For Pierite, the Garan Building also represents an opportunity to “take back” a small portion of an industry that has largely been outsourced to other countries, he said.
“We realized around five to six years ago that a lot of these cut-and-sew opportunities, a lot of these manufacturing opportunities have migrated away from the United States,” Pierite said. “We can bring some of those opportunities back to rural America, and we see this as a way to kickstart that across Louisiana.”
Pierite said the Garan Building’s new businesses will allow the tribe to offer pay and benefits packages that would set the pace for the job market in the region, as well. He pointed to a $15 starting wage, as well as financial literacy, credit restoration, and mental health programs.

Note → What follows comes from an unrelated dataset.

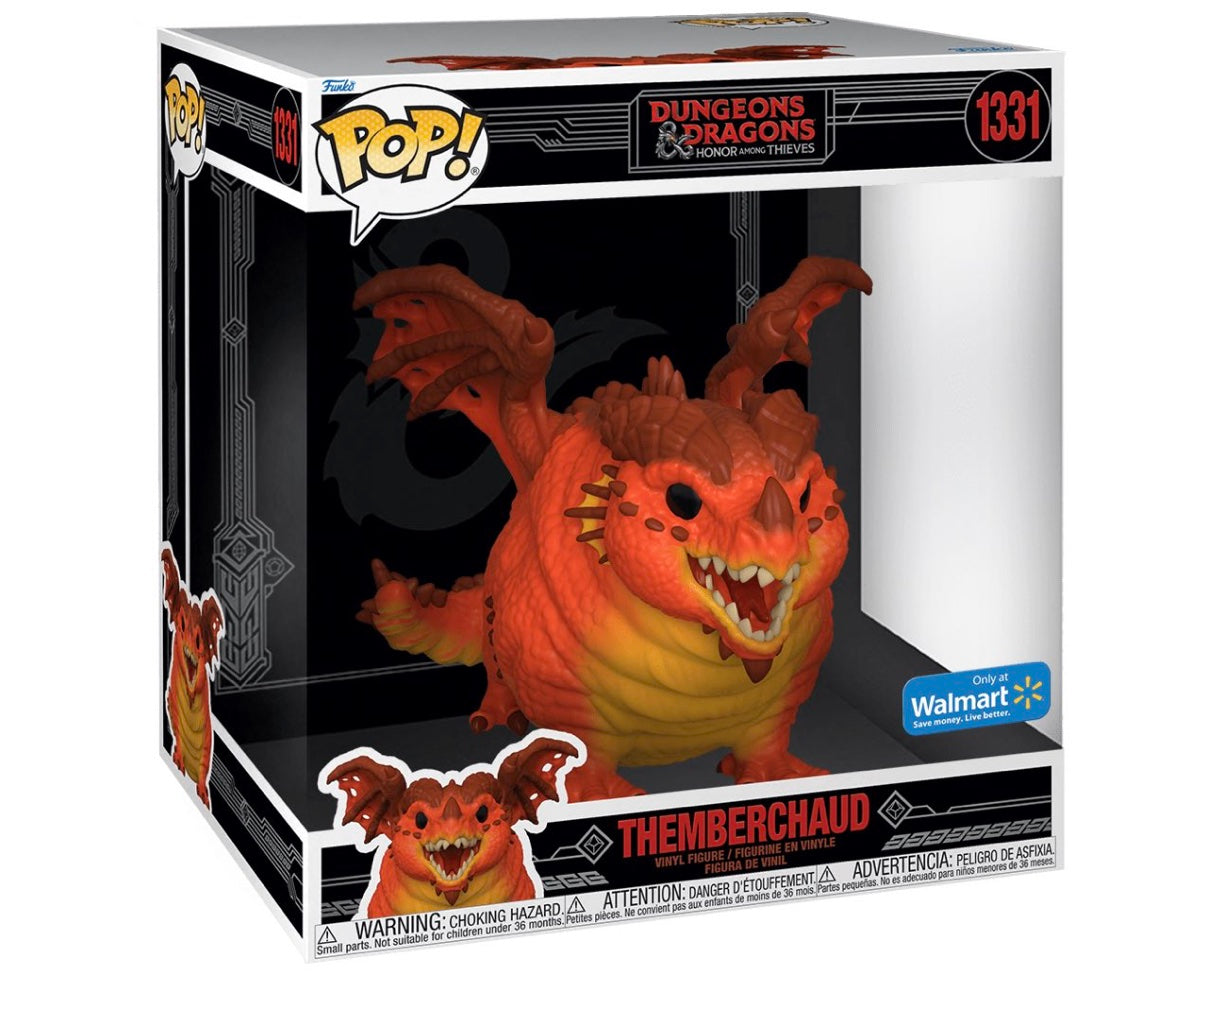 Games: Dungeons & Dragons: 10" Themberchaud (Walmart Exclusive)

Pierite called it a “holistic approach” to workforce development that could positively impact the whole surrounding community. From there, he said, the Tunica-Biloxi could take their employment model and share it with other small tribes for similar results elsewhere.
“We’re a very small tribe, but with a very large vision,” Pierite said. “We think by creating this model, we can help other tribes with this same model, and overall get the stakeholders in Indian Country to become the solution to rural America’s problems — bringing back these textile jobs, these manufacturing jobs.”
Louisiana Governor John Bel Edwards called the EDA investment and tribe’s involvement in the project a “critical” infusion for the surrounding region.
“We are excited about working with the Tunica-Biloxi Tribe of Louisiana to ensure this investment results in jobs that will provide living wages and will help create sustainable growth for communities throughout the region,” Edwards said in a statement. “We are grateful to the Biden-Harris Administration, U.S. Commerce Secretary Gina Raimondo and the EDA for this announcement.”
Alongside the Garan Building project, Tunica-Biloxi Industries continues to broaden its revenue base with a variety of non-gaming economic development efforts, Pierite said.
The tribal enterprise is also looking at acquisitions across the country, including a company in Washington, D.C. that could help spur the tribe’s federal contracting business, he added. He refused to name the potential target, but said it could help the tribe offer services to state governments, a strategy that would be “a little bit out of the box.”
It wouldn’t be the first time the tribe has thought outside the box recently. In the last few months, Tunica-Biloxi signed a historic partnership agreement with a local college to advance research and economic development, obtained its 8(a) certification, and cut the ribbon on a TopGolf Swing Suite at its Paragon Casino.
“Taking control of our sovereignty, our economic prosperity and our collective future as a Tribal nation has been a long road for the Tunica-Biloxi Tribe and all native nations,” Pierite said. “We are centrally located in Louisiana, so we think it would be unique for us to create and become that economic hook, to supply staffing as well as these opportunities to all of Louisiana and Indian Country.”